● Exercise objective: Below this line are records; write out exactly the lines from the one containing "1 bitcoin to dollar 2019" through the one containing "Gold Schmuck in", with the pictures left out.
#### Data to use
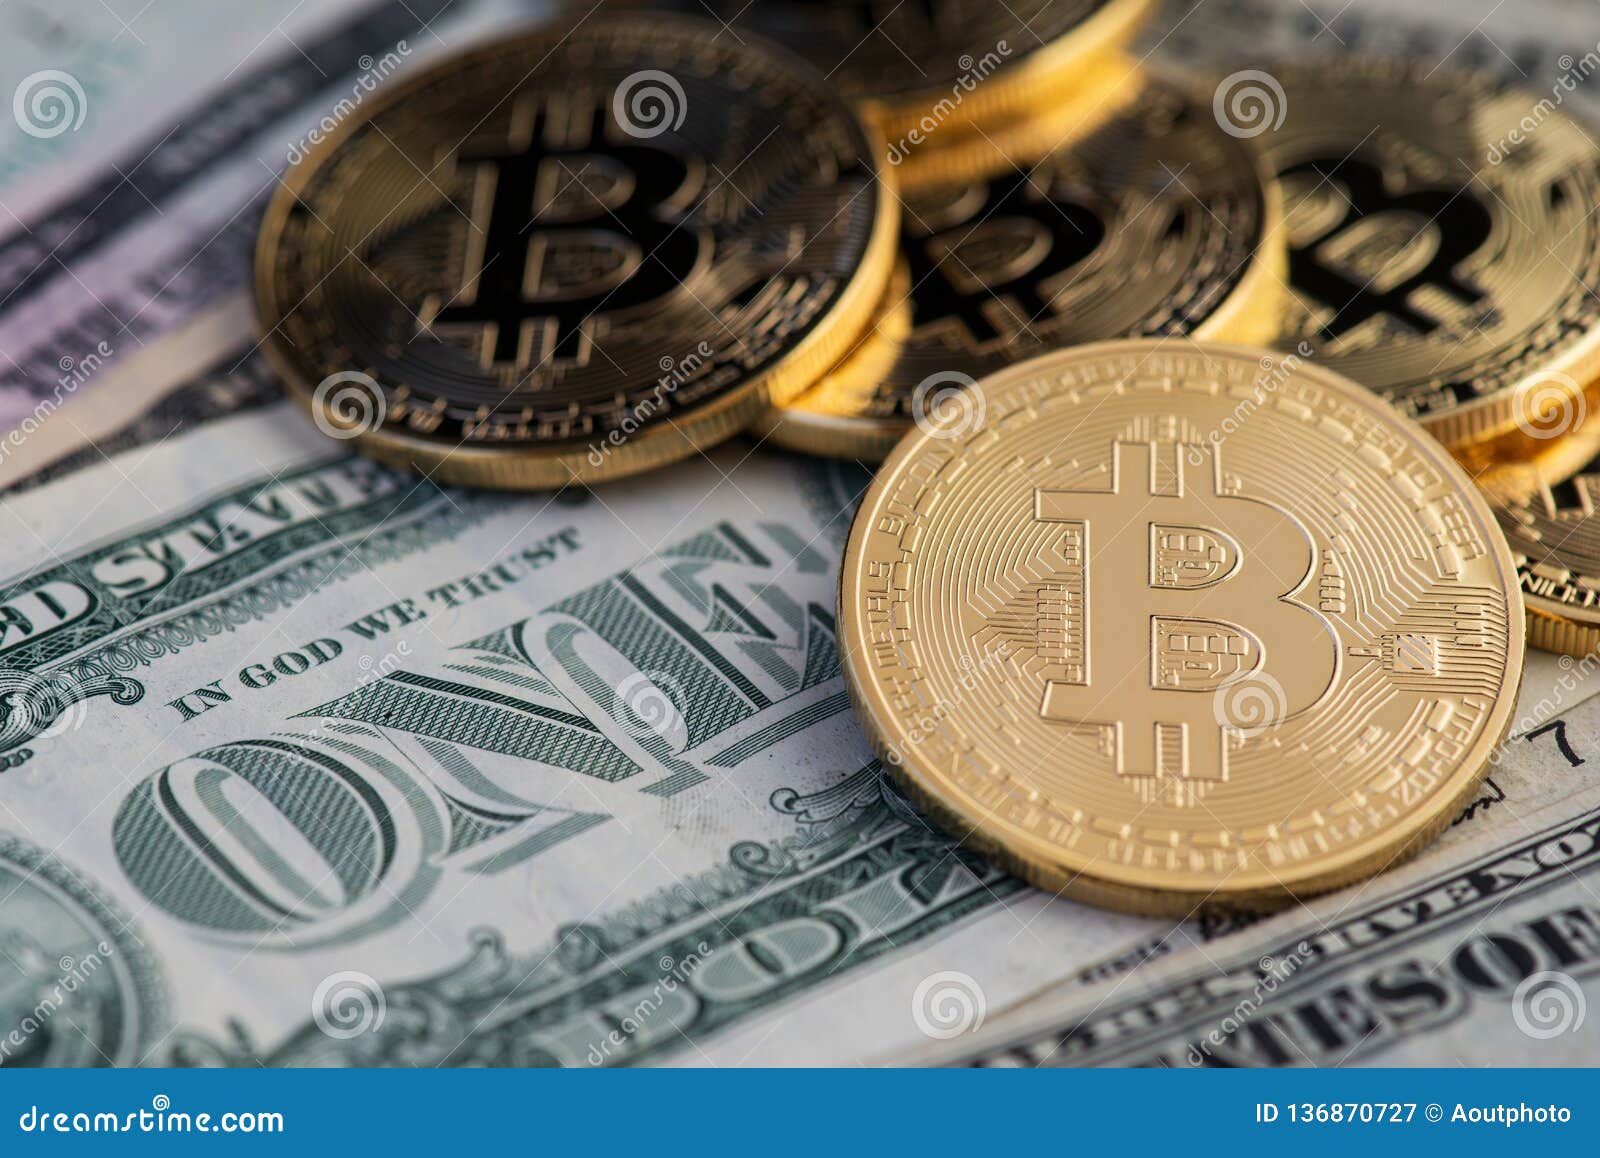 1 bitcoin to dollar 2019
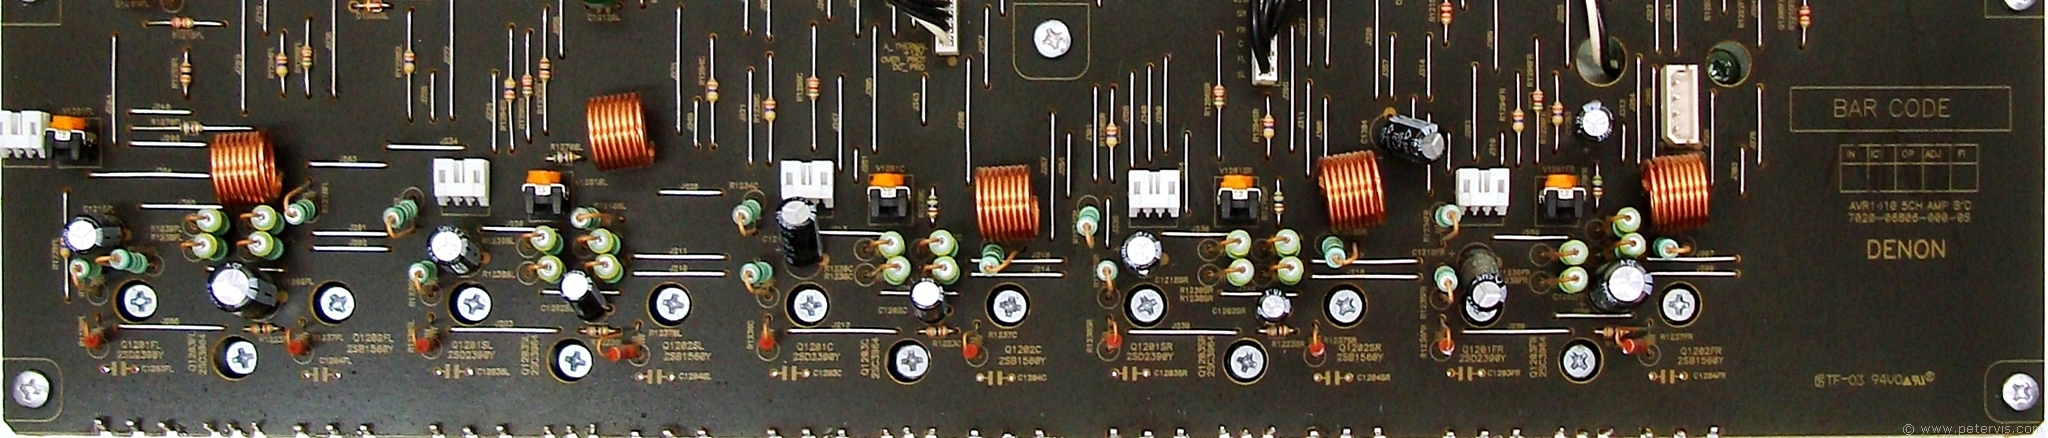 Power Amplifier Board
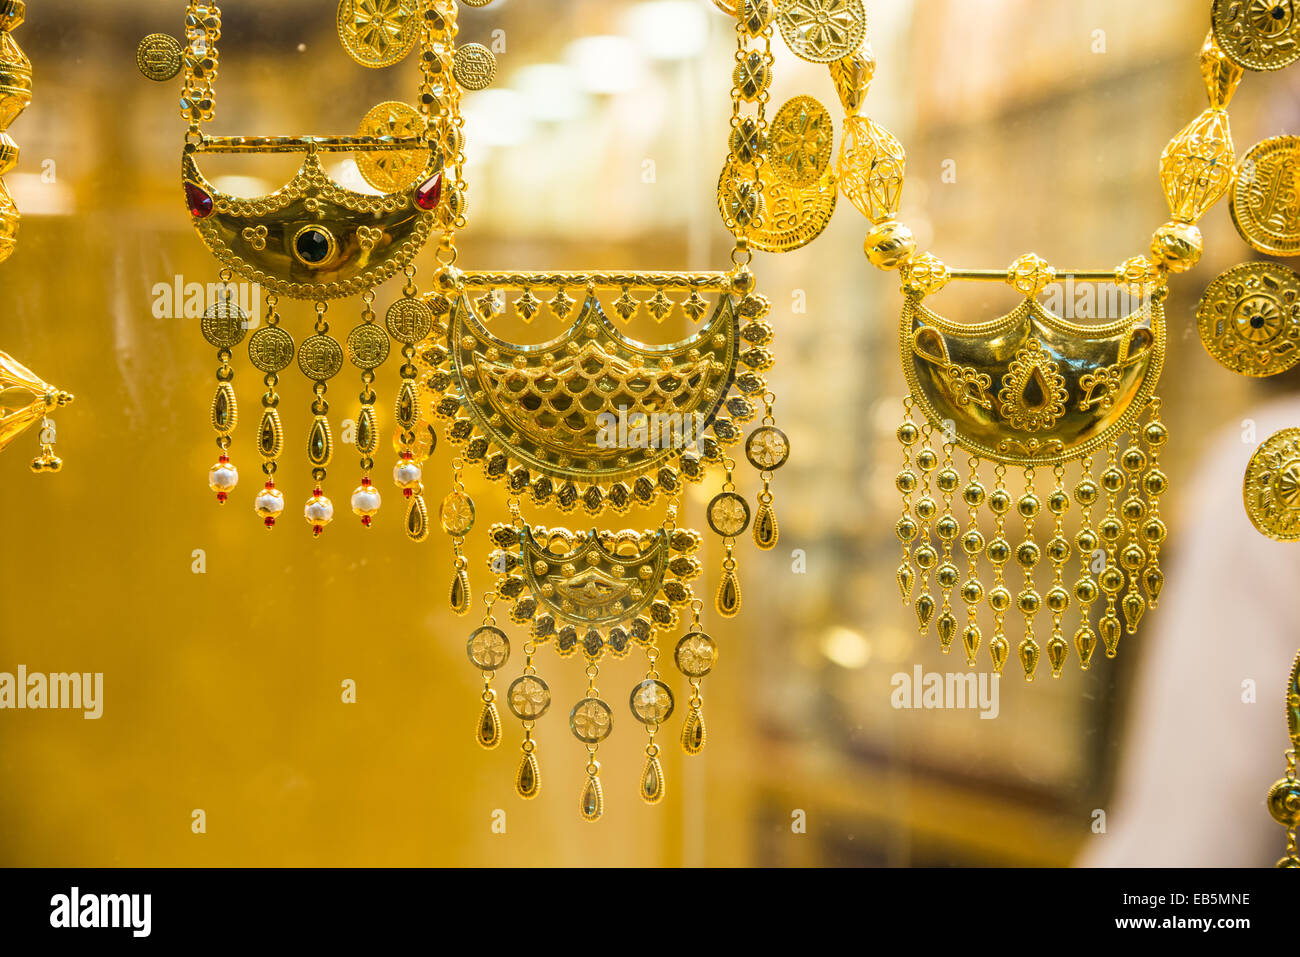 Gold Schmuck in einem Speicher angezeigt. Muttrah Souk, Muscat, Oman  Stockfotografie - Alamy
########
#### Data to use
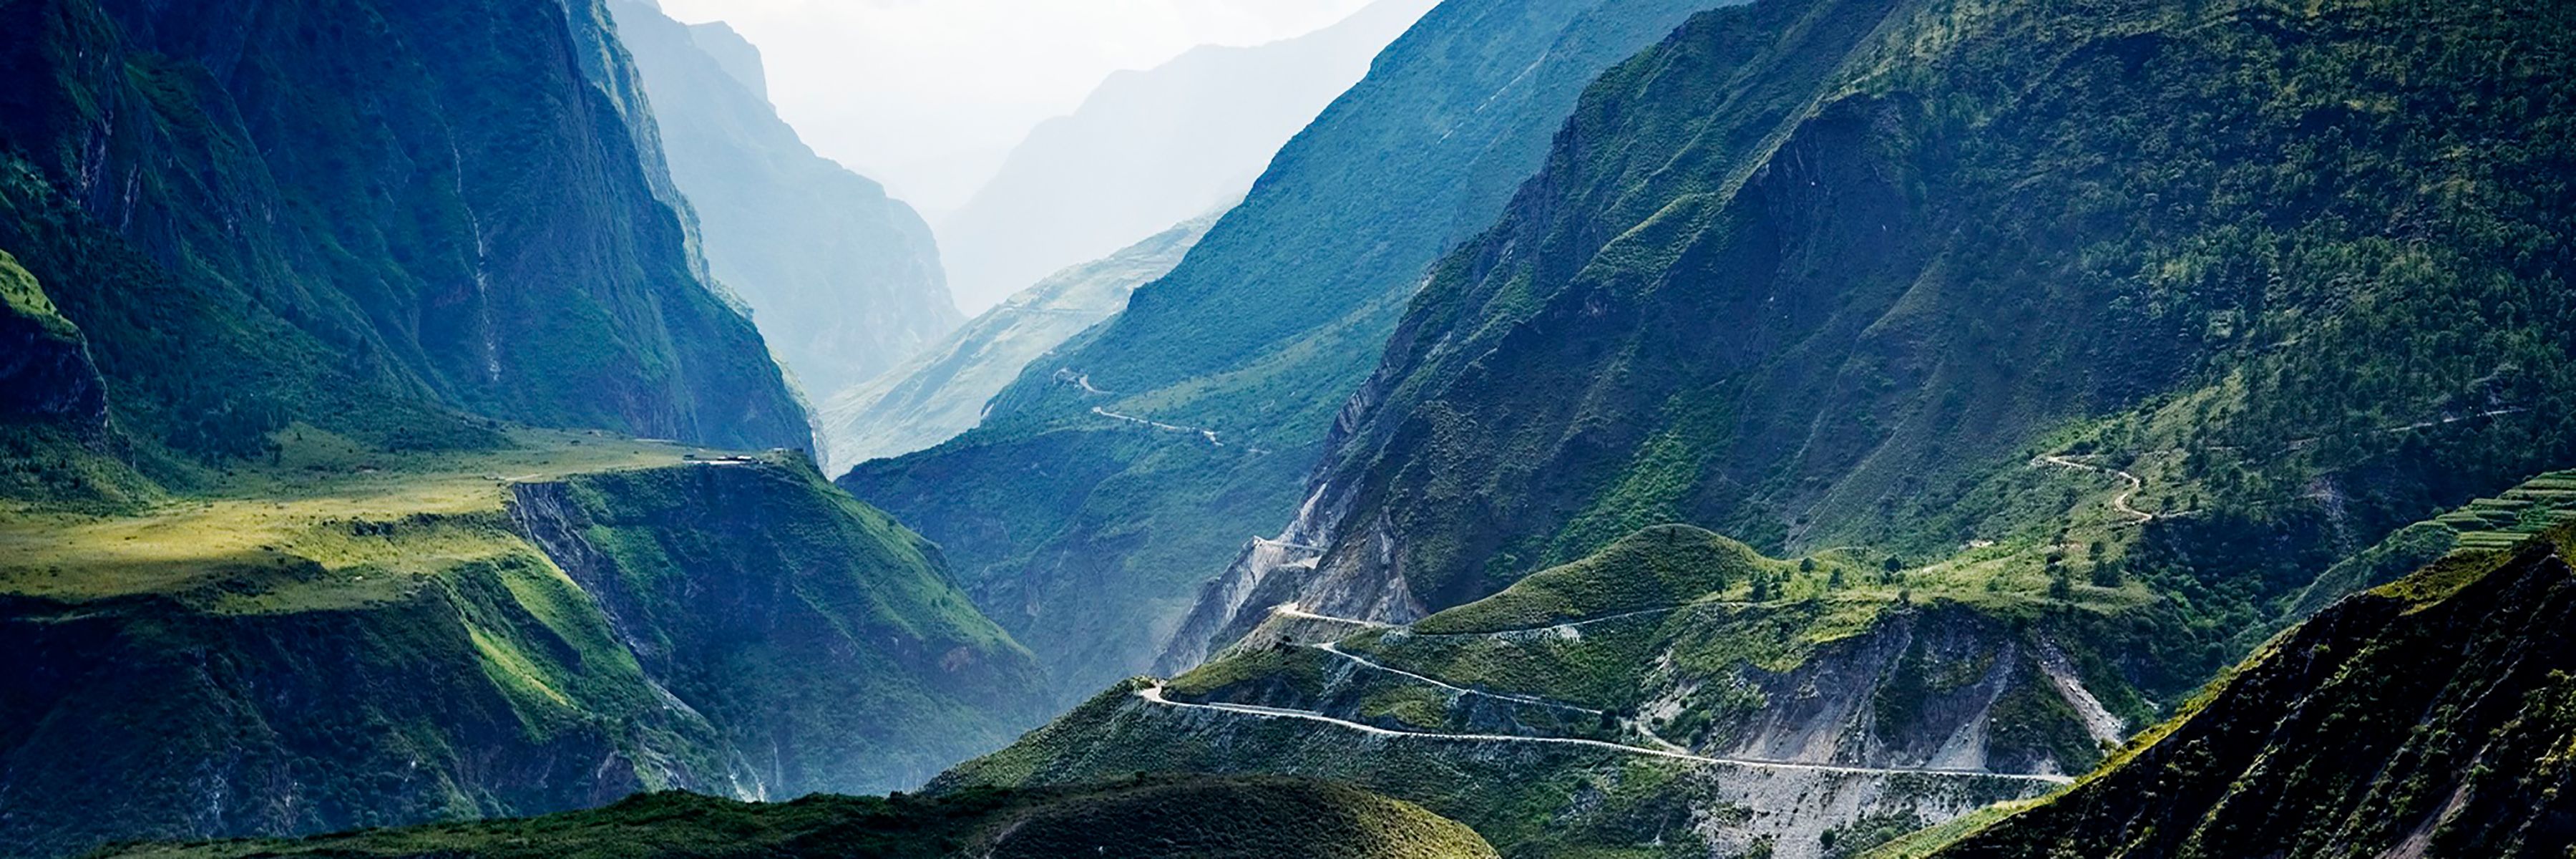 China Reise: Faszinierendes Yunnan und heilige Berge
########
#### Data to use
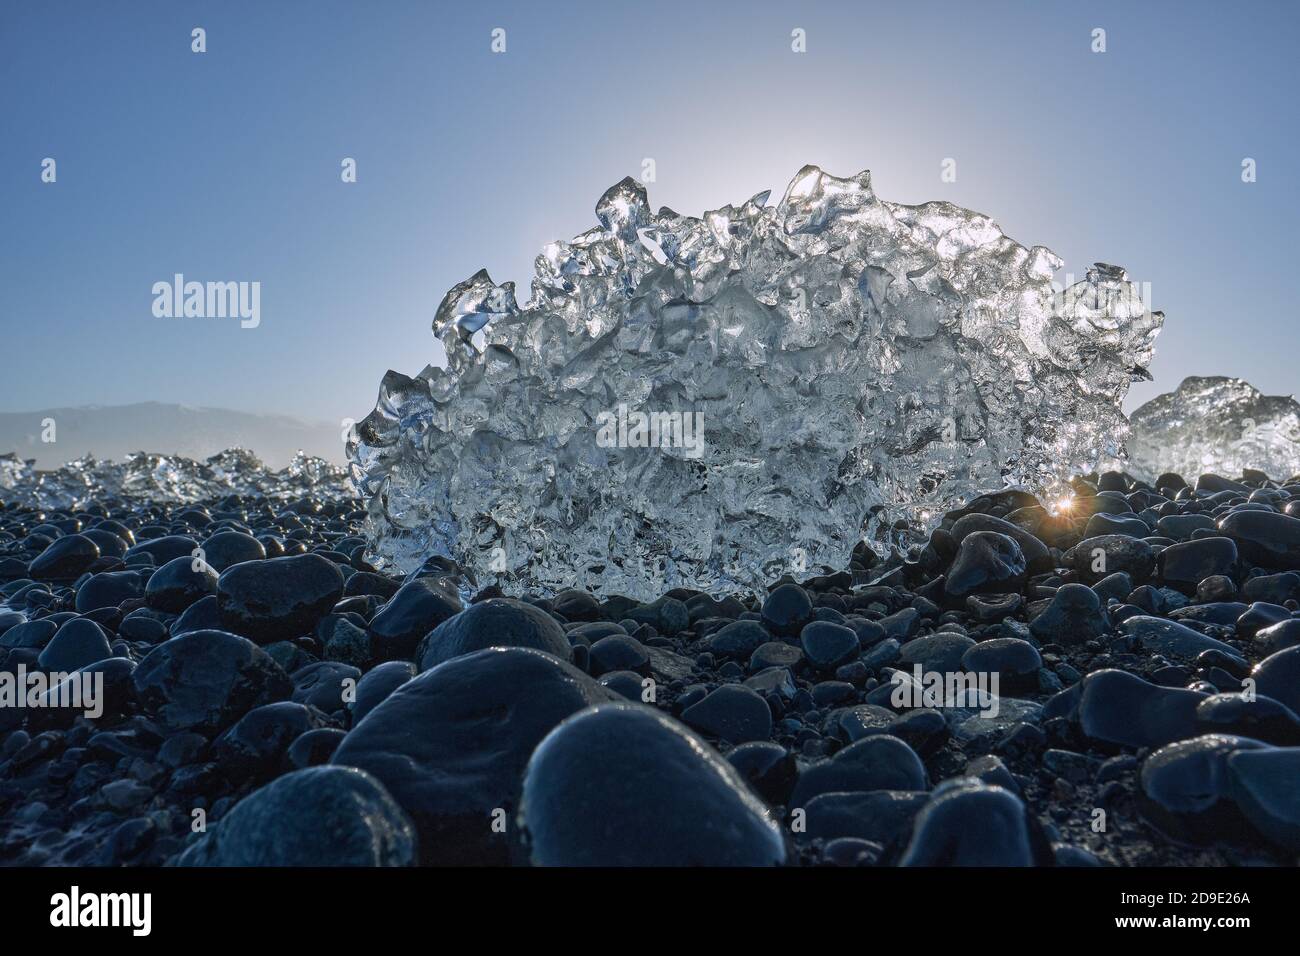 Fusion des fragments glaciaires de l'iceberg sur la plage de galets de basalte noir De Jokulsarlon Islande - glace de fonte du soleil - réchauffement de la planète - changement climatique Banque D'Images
########
● Response to this task:
 1 bitcoin to dollar 2019
 Power Amplifier Board
 Gold Schmuck in einem Speicher angezeigt. Muttrah Souk, Muscat, Oman  Stockfotografie - Alamy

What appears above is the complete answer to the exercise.